* _Exercise aim_
Write the listing out again word for word, leaving each picture behind.

* _Data provided_
....
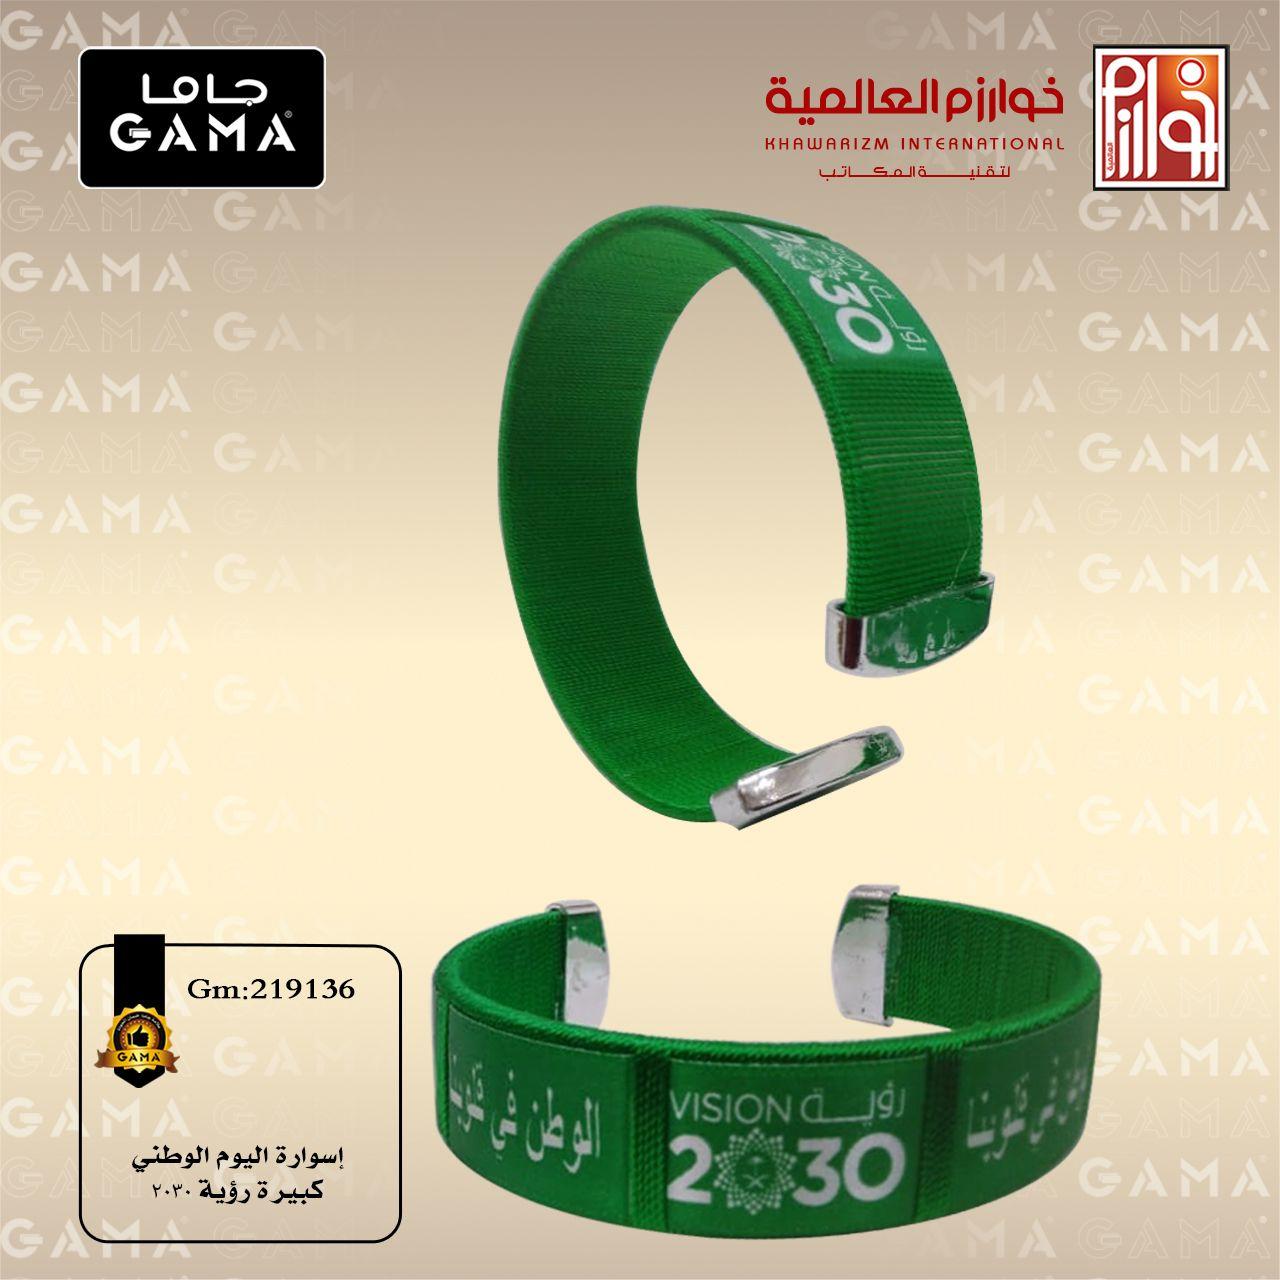 اسوارة اليوم الوطني السعودي Accessories Wearable Fitbit
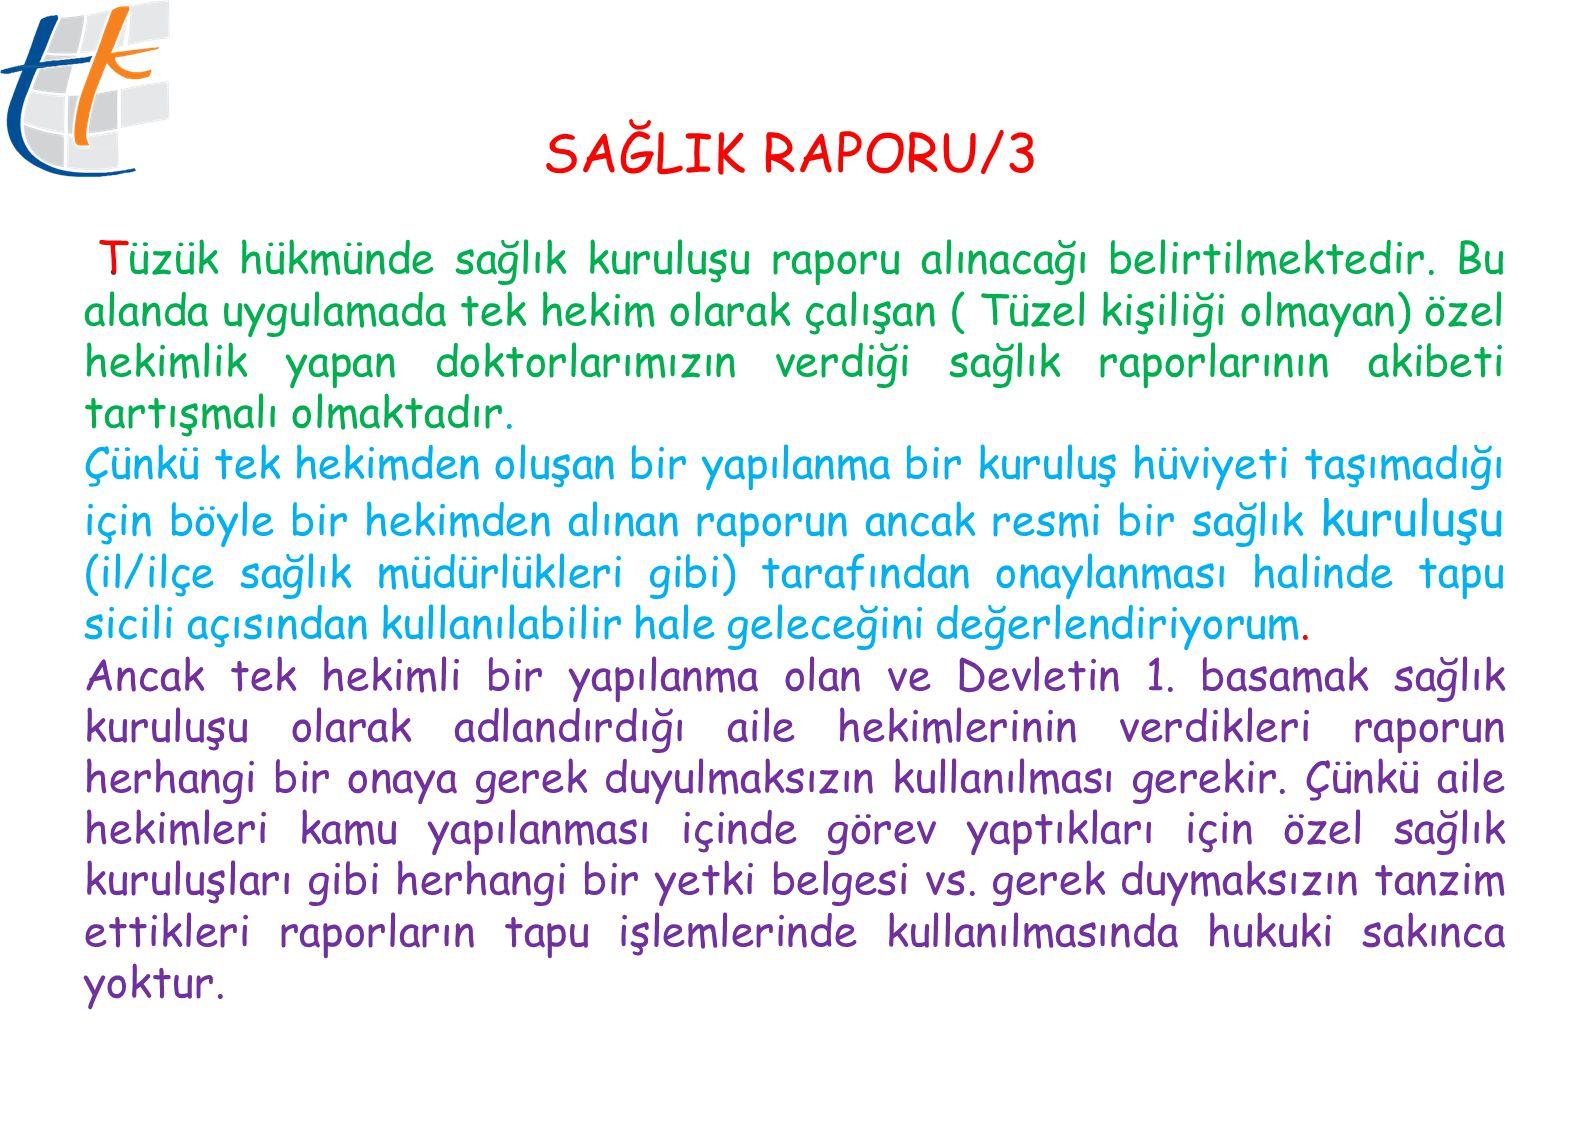 SAĞLIK RAPORU/3 .
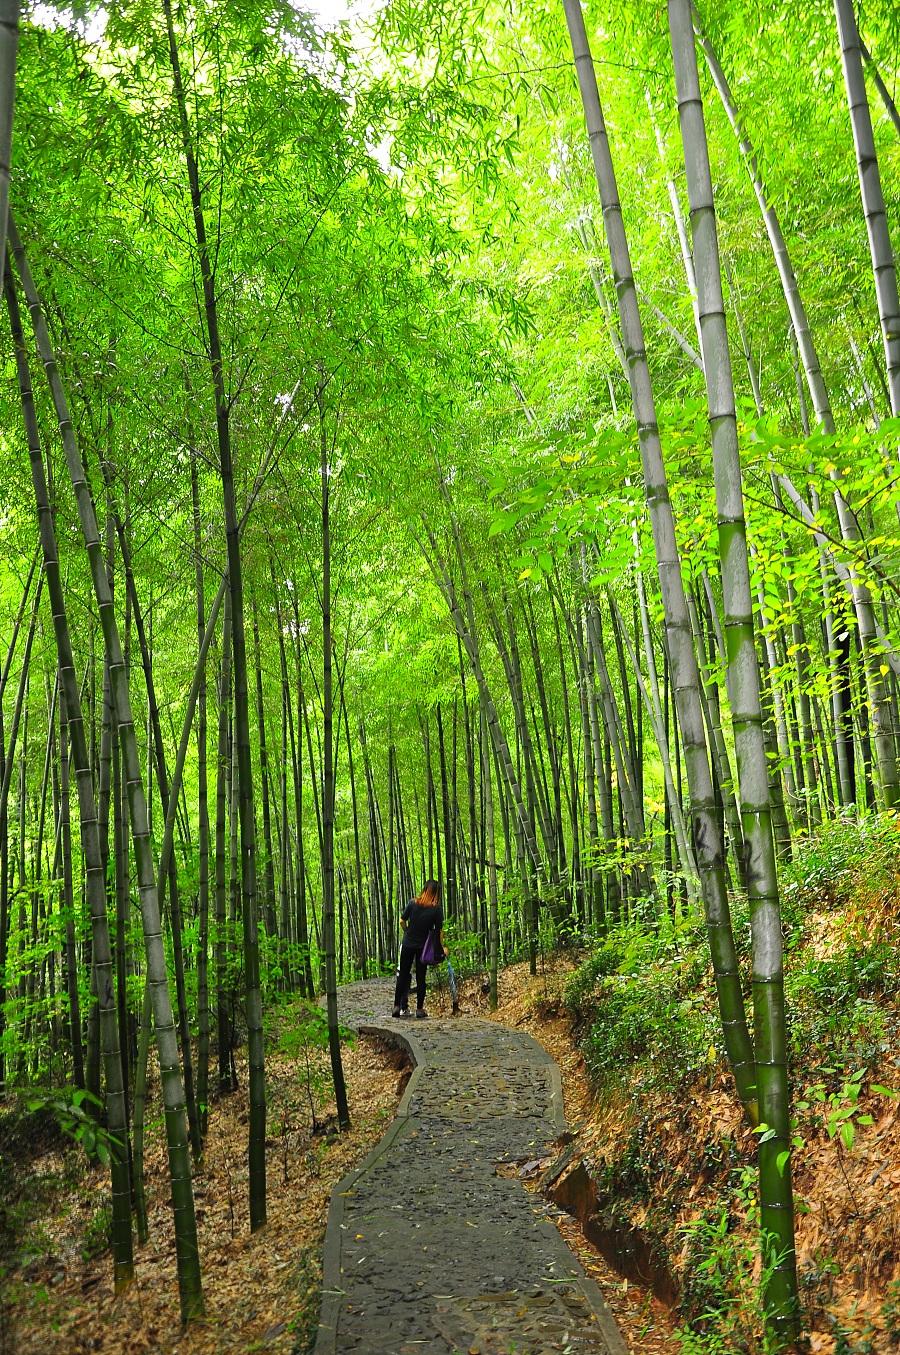 壁纸墙贴 高清竹林风景时尚电视背景墙装饰画已下载22次超大高清竹林
....
* _Output of the task_
 اسوارة اليوم الوطني السعودي Accessories Wearable Fitbit
 SAĞLIK RAPORU/3 .
 壁纸墙贴 高清竹林风景时尚电视背景墙装饰画已下载22次超大高清竹林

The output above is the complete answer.